I'm not usually a fan of canned fish, but this is a recipe I came up with for a client which I've actually since started making for myself. It's a great one to make in bulk, portion and freeze for dinners or lunches later on. You can also swap tuna for another type of fish, or use cooked fresh fish instead of canned.
1 tin (about 180g) tuna in spring water, drained
400g canned tomatoes
1 cup dried wholemeal pasta (I use penne)
1 medium onion, finely chopped
2 cloves garlic, crushed
1 cup finely chopped or grated assorted vegetables
eg. broccoli, zucchini, carrot, capsicum
½ cup grated cheese
2 tablespoons olive oil
2 teaspoons oregano or basil
Pinch chili flakes
Salt and pepper
Preheat oven to 200°C.
Heat oil in a pan over low heat and fry onion, garlic and chili flakes for 2-3 minutes, until onion is transparent.
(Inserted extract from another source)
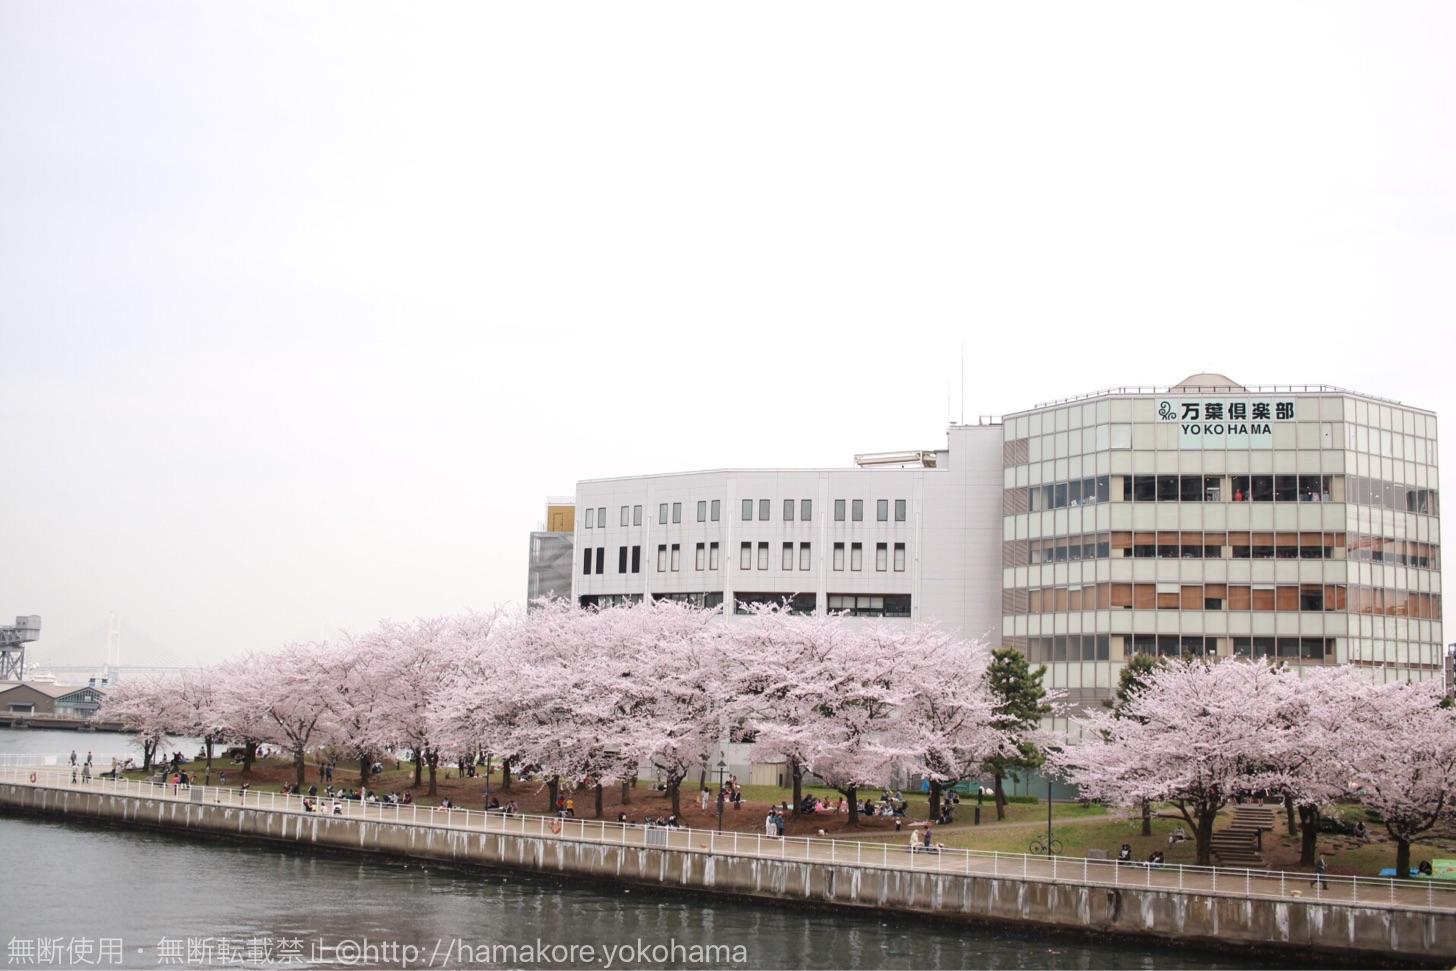 万葉湯倶楽部の前の桜
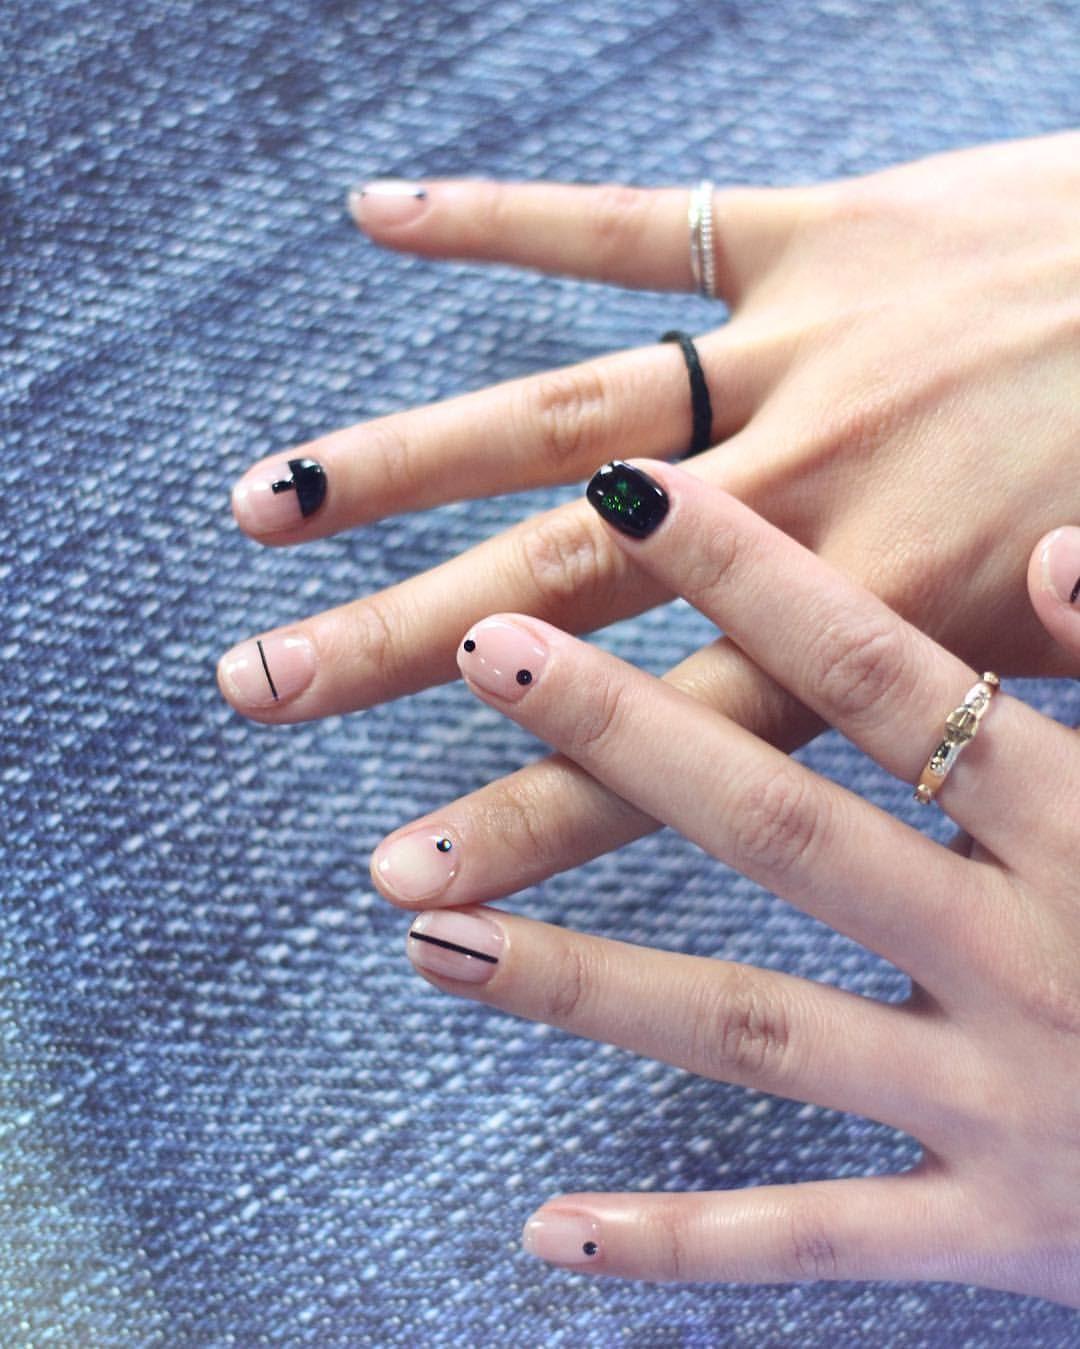 Бесцветный маникюр с геометрическими фигурами и чёрный с металлическим блеском ноготок

Add tomatoes, vegetables and oregano or basil, simmer for 20 minutes.
Cook pasta according to packet directions (usually about 10 minutes in boiling water).
Drain, then stir into tomato sauce, together with tuna. Season with salt and pepper.
Transfer mixture to an ovenproof dish and sprinkle over cheese.
Bake for 15 minutes, until cheese is melted and golden.